Childhood mortality is a key sign of the coverage of child survival interventions, social and economic progressions. Although the level of under-five mortality has been declining, it is still unacceptably high. The primary aim of this paper is to establish and analyse the levels and trends of under-five mortality for the periods 1998, 2003 and 2012 in South Africa. Methods: The data used for analysis came from the 1998 SADHS, the 2003 SADHS and the 2012 SABSSM which collected information on the survival status of children. The Kaplan-Meier estimate of the survival function method was used to determine the probabilities of failure (death) from birth up to 59 months.

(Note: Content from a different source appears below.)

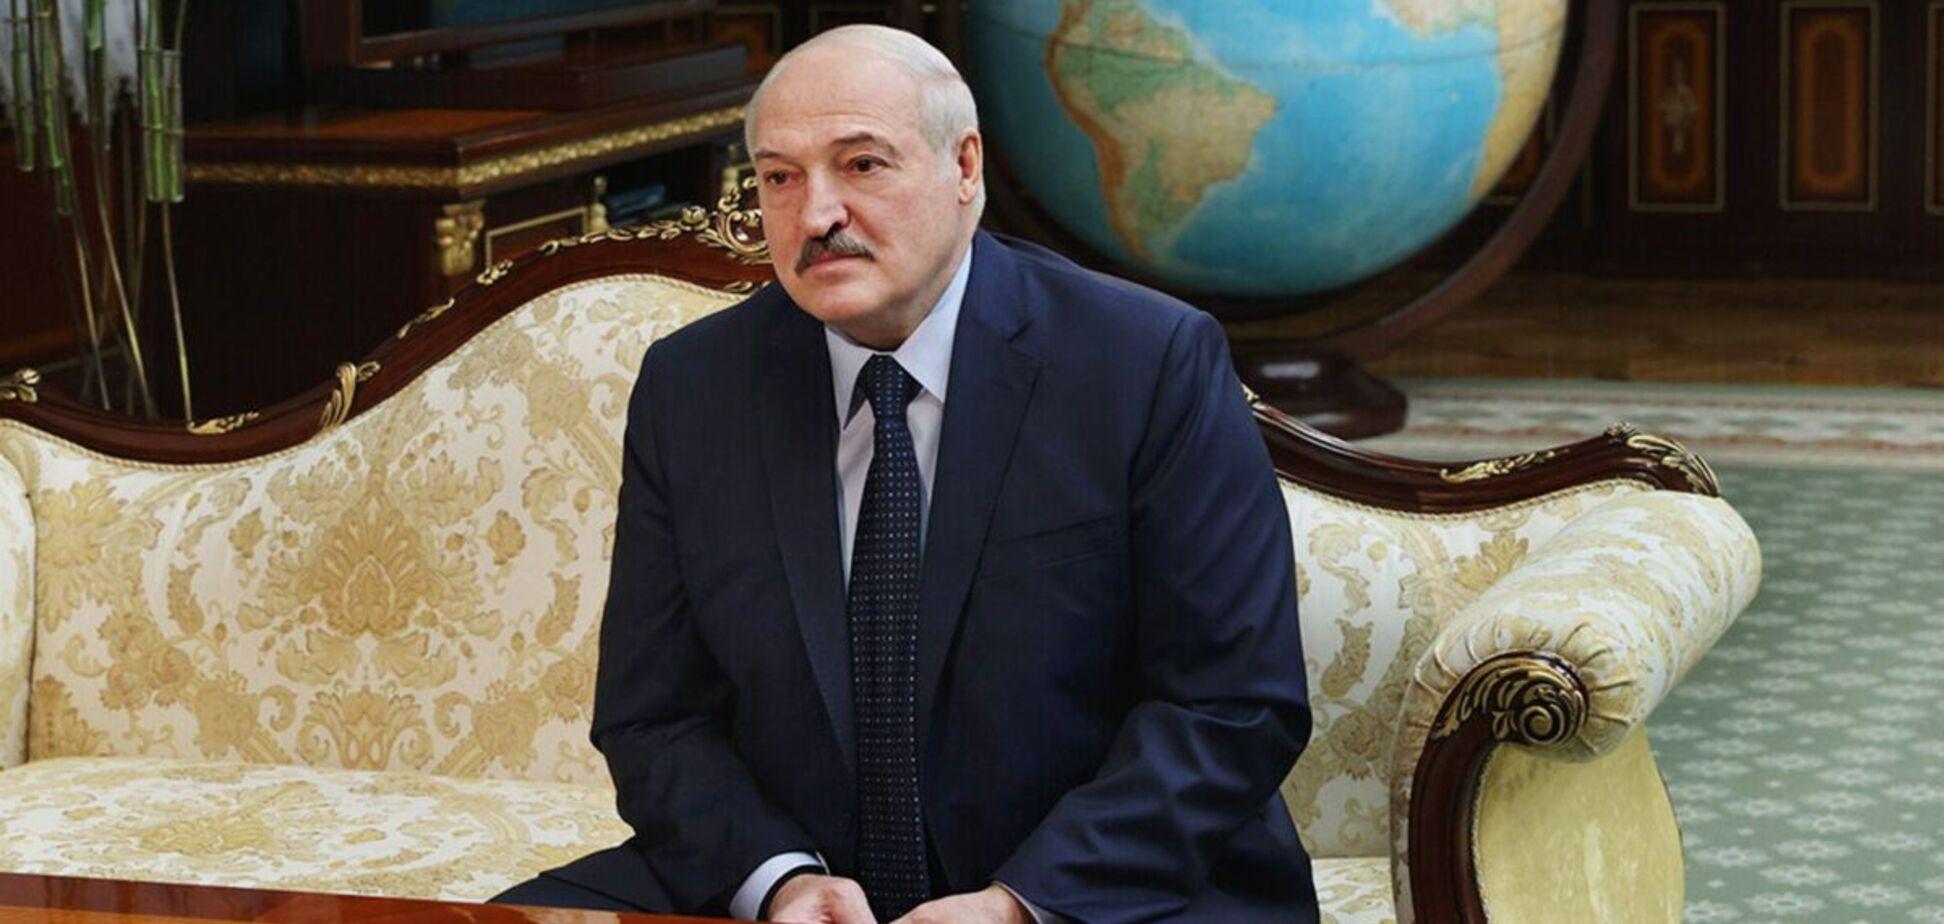 Лукашенко озвучив план на випадок, якщо 'президента застрелять'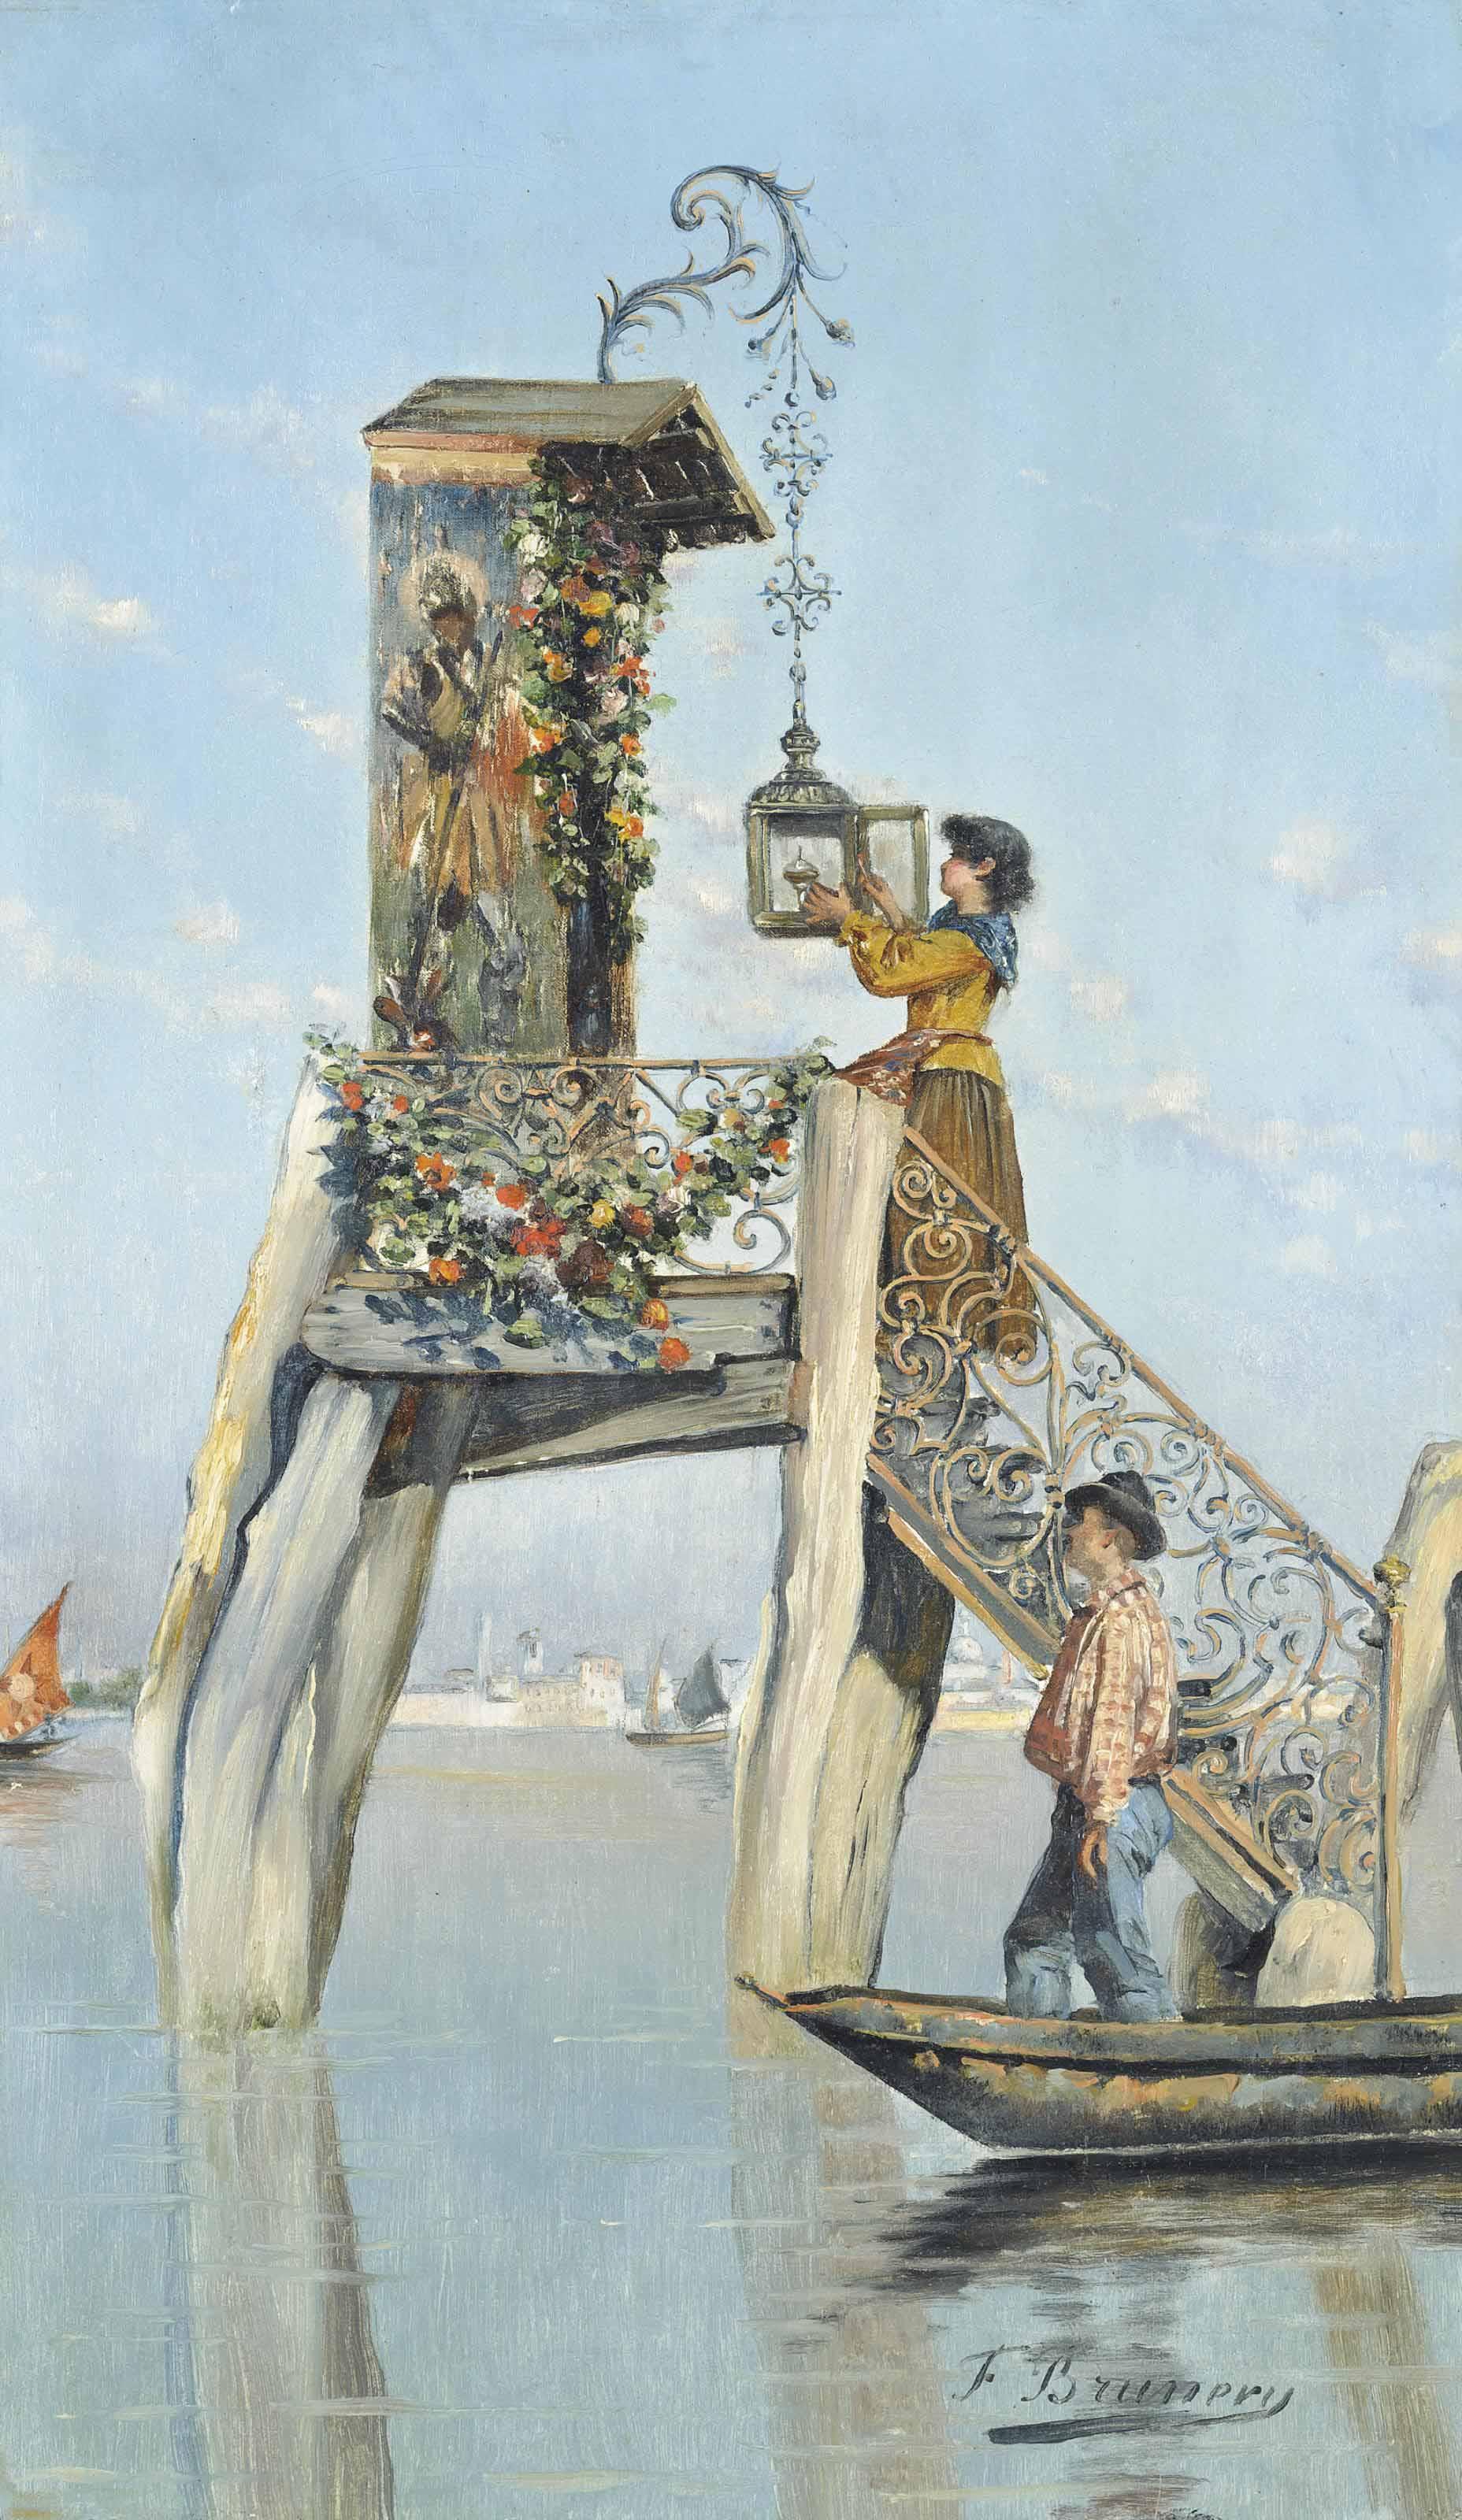 An offering on the Venetian lagoon

Results and Conclusion: The overall U5MR declined by 28.2% from 53.1 in 1998 to 38.1 in 2012. The U5MR of male children declined from 59.2 in 1998 to 46.2 in 2003 and dropped further to 41.4 in 2012. The U5MR of children of mothers aged 40 years and older increased from 64.0 in 1998 to 89.0 in 2003 and rose further to 129.9 in 2012. The U5MR of children of mothers with education level of 12 years or more increased from 32.2 in 1998 to 35.2 in 2003 and declined substantially to 17.5 in 2012.

Keywords: Demographic and health survey, Kaplan-Meier, levels and trends, under-five mortality.